Step 5: The result of this step is given as:

₹5,00,000=₹2,00,000\left(F/A,15\%,5\right)+₹1,00,000

Step 6: The L.H.S. of the equation given at Step 5 represents present worth whereas, its R.H.S. represents future worth. Therefore, the two sides cannot be equal.
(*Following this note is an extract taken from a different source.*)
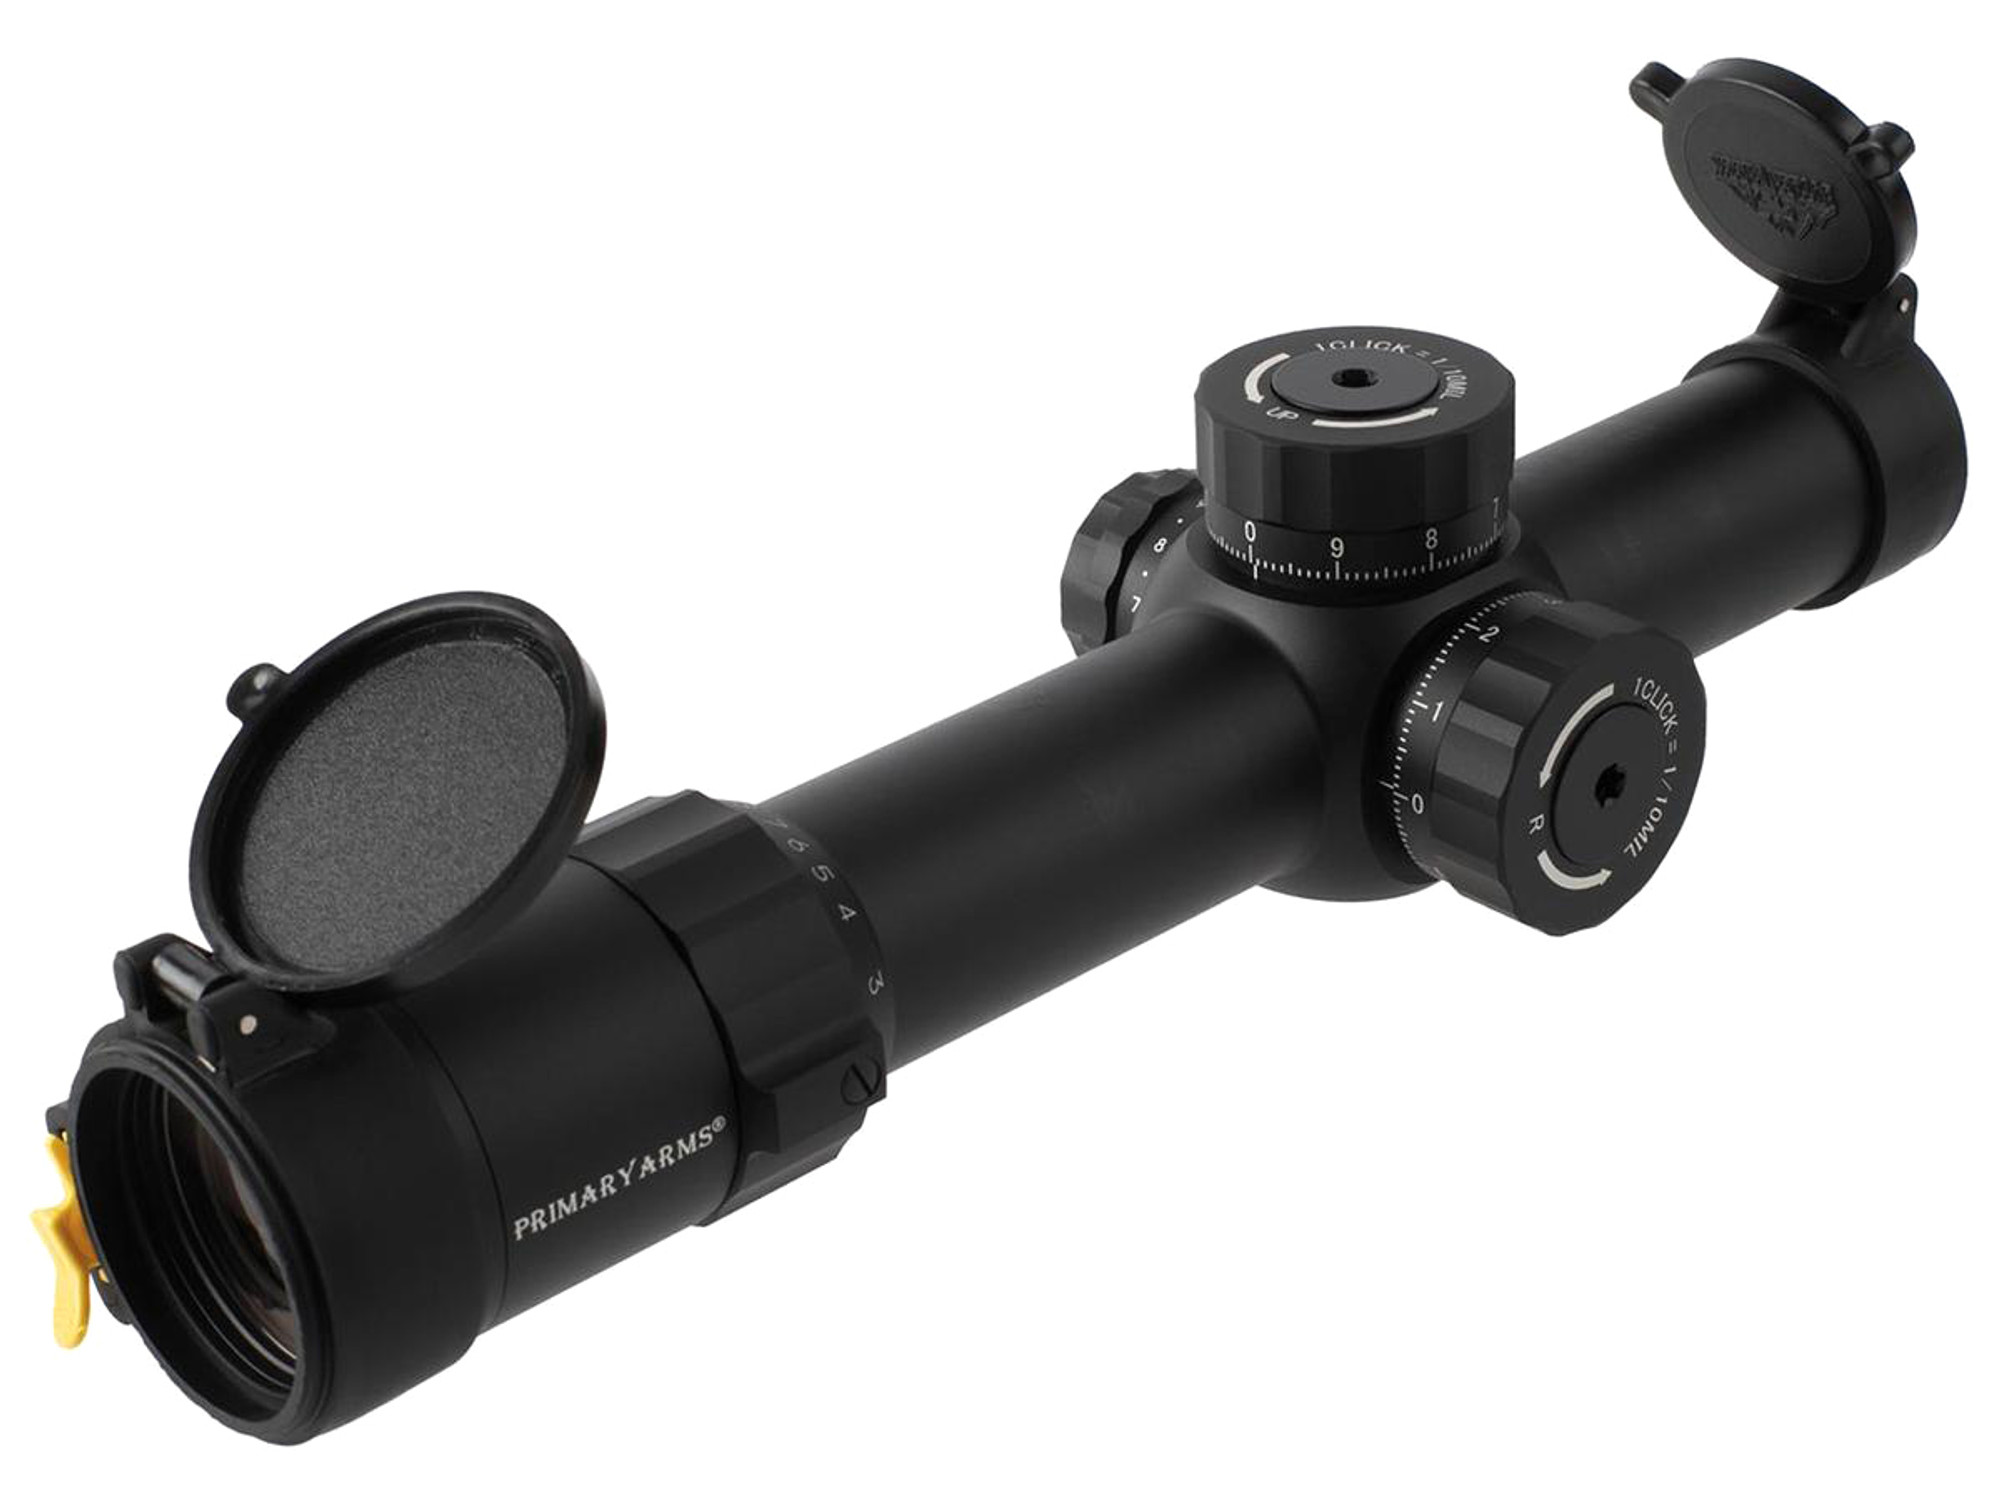 Primary Arms PLx 1-8x24mm FFP Rifle Scope w/ Illuminated ACSS (Model: Griffin MIL)

Introduce the factor \left(F/P,i^{\prime}\% ,n\right) on to the L.H.S. to bring a balance between two sides of equation in the following manner:

₹5,00,000\left(F/P,i^{\prime}\% ,5\right)=₹2,00,000\left(F/A,15\%,5\right)+₹1,00,000

Step 7: The equation given at Step 6 is solved as:

₹5,00,000\left(F/P,i^{\prime}\% ,5\right)=₹2,00,000\left(6.7424\right)+₹1,00,000

 

₹5,00,000\left(F/P,i^{\prime}\% ,5\right)=₹14,48,480

 

\left(F/P,i^{\prime}\% ,5\right)=₹14,48,480/₹5,00,000

 

\left(F/P,i^{\prime}\% ,5\right)=2.897

 

\left(1+i^{\prime}\right)^{5}=2.897

 

1+i^{\prime}=1.237

 

i^{\prime}=1.237-1=0.237=23.7\%

Since the value of i^{\prime}\% = 23.7\% \gt M.A.R.R. = 15\%, the investment in the project is economically justified.